BEGIN THE INPUT
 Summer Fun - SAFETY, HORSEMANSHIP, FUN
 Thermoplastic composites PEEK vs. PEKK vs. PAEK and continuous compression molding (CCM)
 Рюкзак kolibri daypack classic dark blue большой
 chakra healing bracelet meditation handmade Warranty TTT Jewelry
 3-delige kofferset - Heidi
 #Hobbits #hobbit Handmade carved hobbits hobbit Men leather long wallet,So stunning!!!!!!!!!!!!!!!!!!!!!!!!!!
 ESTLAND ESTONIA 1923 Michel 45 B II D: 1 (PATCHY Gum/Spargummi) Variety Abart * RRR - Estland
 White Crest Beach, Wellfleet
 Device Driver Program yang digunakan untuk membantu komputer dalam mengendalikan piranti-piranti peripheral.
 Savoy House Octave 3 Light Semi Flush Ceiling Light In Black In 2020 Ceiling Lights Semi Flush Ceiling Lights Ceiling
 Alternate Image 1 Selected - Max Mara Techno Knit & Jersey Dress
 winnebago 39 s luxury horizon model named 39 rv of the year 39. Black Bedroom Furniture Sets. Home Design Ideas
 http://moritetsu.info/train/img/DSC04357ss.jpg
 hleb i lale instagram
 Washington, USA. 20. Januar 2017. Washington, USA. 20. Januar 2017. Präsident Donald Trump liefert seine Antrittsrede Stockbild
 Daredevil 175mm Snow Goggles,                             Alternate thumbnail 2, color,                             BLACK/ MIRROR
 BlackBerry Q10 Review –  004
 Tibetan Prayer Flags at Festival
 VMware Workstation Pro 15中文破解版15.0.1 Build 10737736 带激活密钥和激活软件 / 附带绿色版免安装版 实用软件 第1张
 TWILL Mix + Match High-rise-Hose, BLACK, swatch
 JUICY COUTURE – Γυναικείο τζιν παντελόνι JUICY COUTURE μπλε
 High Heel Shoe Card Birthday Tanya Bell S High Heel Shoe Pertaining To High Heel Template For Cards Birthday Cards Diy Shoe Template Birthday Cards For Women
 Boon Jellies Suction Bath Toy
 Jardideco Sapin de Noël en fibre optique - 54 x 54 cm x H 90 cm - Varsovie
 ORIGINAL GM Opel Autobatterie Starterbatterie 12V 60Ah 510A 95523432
END THE INPUT
◆ **PROBLEM DESCRIPTION**
Exactly as they stand, set down the lines from the top of the data through the line with "Daredevil 175mm Snow".

◆ **ANSWER TO THE EXERCISE**
 Summer Fun - SAFETY, HORSEMANSHIP, FUN
 Thermoplastic composites PEEK vs. PEKK vs. PAEK and continuous compression molding (CCM)
 Рюкзак kolibri daypack classic dark blue большой
 chakra healing bracelet meditation handmade Warranty TTT Jewelry
 3-delige kofferset - Heidi
 #Hobbits #hobbit Handmade carved hobbits hobbit Men leather long wallet,So stunning!!!!!!!!!!!!!!!!!!!!!!!!!!
 ESTLAND ESTONIA 1923 Michel 45 B II D: 1 (PATCHY Gum/Spargummi) Variety Abart * RRR - Estland
 White Crest Beach, Wellfleet
 Device Driver Program yang digunakan untuk membantu komputer dalam mengendalikan piranti-piranti peripheral.
 Savoy House Octave 3 Light Semi Flush Ceiling Light In Black In 2020 Ceiling Lights Semi Flush Ceiling Lights Ceiling
 Alternate Image 1 Selected - Max Mara Techno Knit & Jersey Dress
 winnebago 39 s luxury horizon model named 39 rv of the year 39. Black Bedroom Furniture Sets. Home Design Ideas
 http://moritetsu.info/train/img/DSC04357ss.jpg
 hleb i lale instagram
 Washington, USA. 20. Januar 2017. Washington, USA. 20. Januar 2017. Präsident Donald Trump liefert seine Antrittsrede Stockbild
 Daredevil 175mm Snow Goggles,                             Alternate thumbnail 2, color,                             BLACK/ MIRROR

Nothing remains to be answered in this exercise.